Isolation and Characterization of Porcine Astrovirus 5 from a Classical Swine Fever Virus-Infected Specimen

Affiliations

Isolation and Characterization of Porcine Astrovirus 5 from a Classical Swine Fever Virus-Infected Specimen

Shijiang Mi et al. J Virol. .

Abstract

Many new astroviruses have been identified in humans and other animals in recent years, but only a few have been successfully isolated for extensive biological study. Here, we report an unusual isolation of a porcine astrovirus 5 (PAstV5) strain from a clinical classical swine fever virus (CSFV)-infected tissue sample. Incubation of porcine PK-15 cells with an extract of the CSFV-positive tissue resulted in unexpected cytopathic effects (CPEs), and high-throughput viromic sequencing identified PAstV5 and porcine circovirus type 2 (PCV2) as well as CSFV in the culture.

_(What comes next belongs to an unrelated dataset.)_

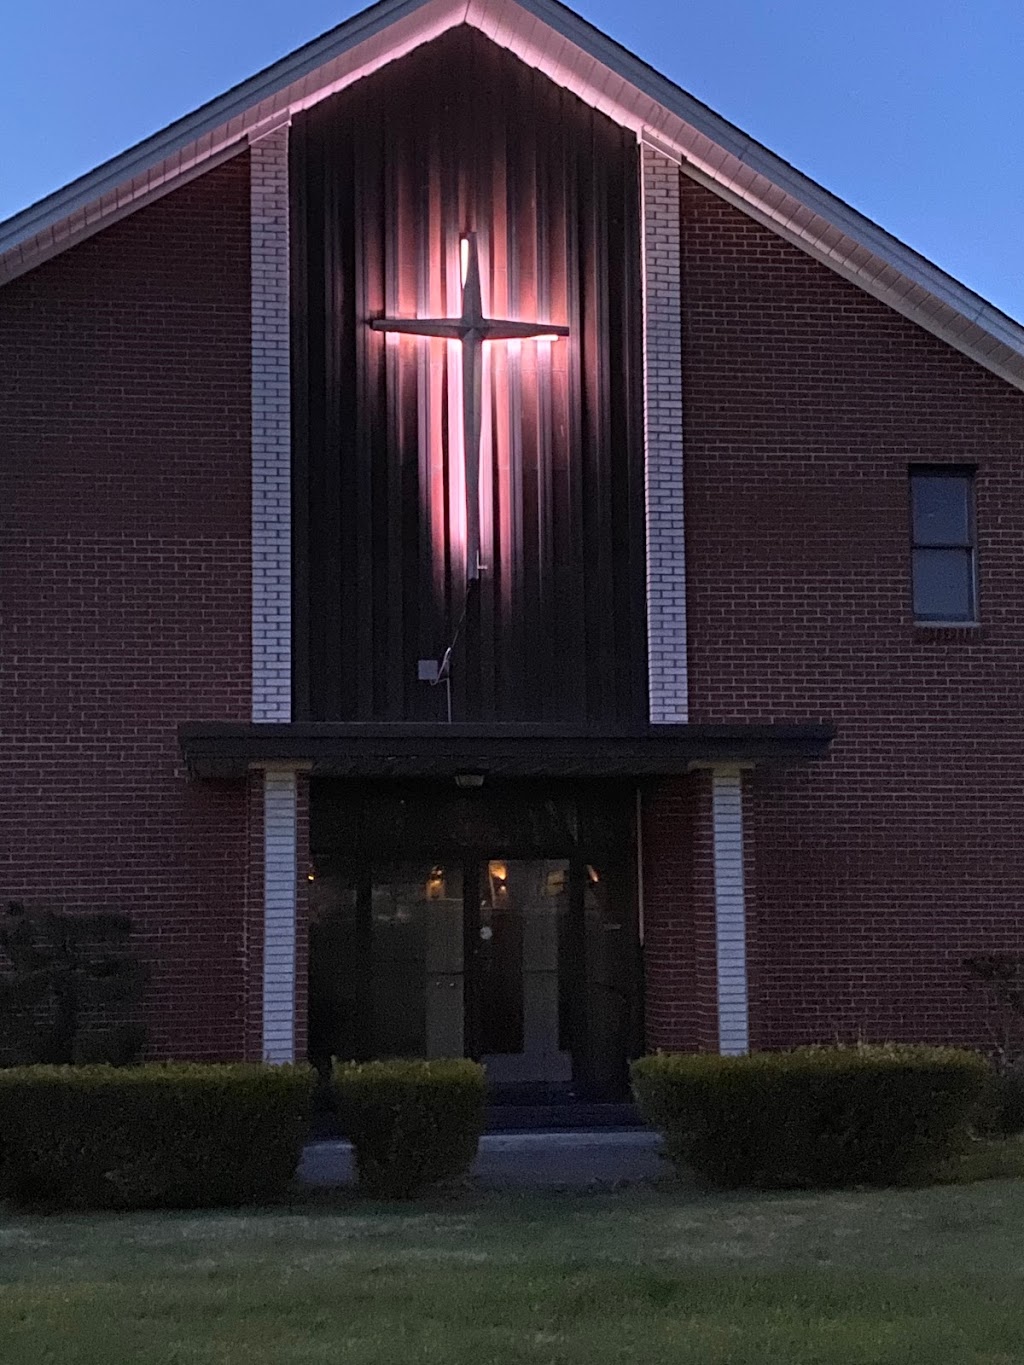 Korean Church of Lehigh Valley | 1987 Schadt Ave, Whitehall, PA 18052 | Phone: (610) 799-1987

After clearance of CSFV and PCV2, a pure PAstV5 strain, named PAstV5-AH29-2014, was obtained. Analysis revealed virus of typical astroviral morphology with a genome of 6,448 nucleotides, sharing 84.3 to 88.9% nucleotide identity with previously published PAstV5 strains. A mechanistic study showed that CSFV coinfection was likely an important factor for successful isolation by significantly enhancing PAstV5 replication in PK-15 cells via suppression of a type I interferon response. Altogether, PAstV5-AH29-2014, as the first isolated PAstV5 strain, will provide critical material for the investigation of the biological and pathogenic properties of this virus as well as for future development of relevant biological and diagnostic reagents.IMPORTANCE Porcine astroviruses are mainly associated with gastroenteritis and neurological diseases in pigs, and five genotypes have been identified (PAstV1-5). However, the clinical manifestations of genotypes other than PAstV1 have not yet been determined because of the failure of in vitro virus isolation. Here, we report a surprising isolation of a PAstV5 strain from a clinical classical swine fever virus (CSFV)-infected tissue sample, which can stably passage in PK-15 cells, and coinfection with CSFV significantly enhanced the replication of PAstV5, possibly through suppression of beta interferon production. Thus, the first isolated PAstV5 strain will be useful for investigating the biological and pathogenic properties of this virus, and the findings obtained in this study provide new insights into defining the interaction mechanism between CSFV and PAstV5.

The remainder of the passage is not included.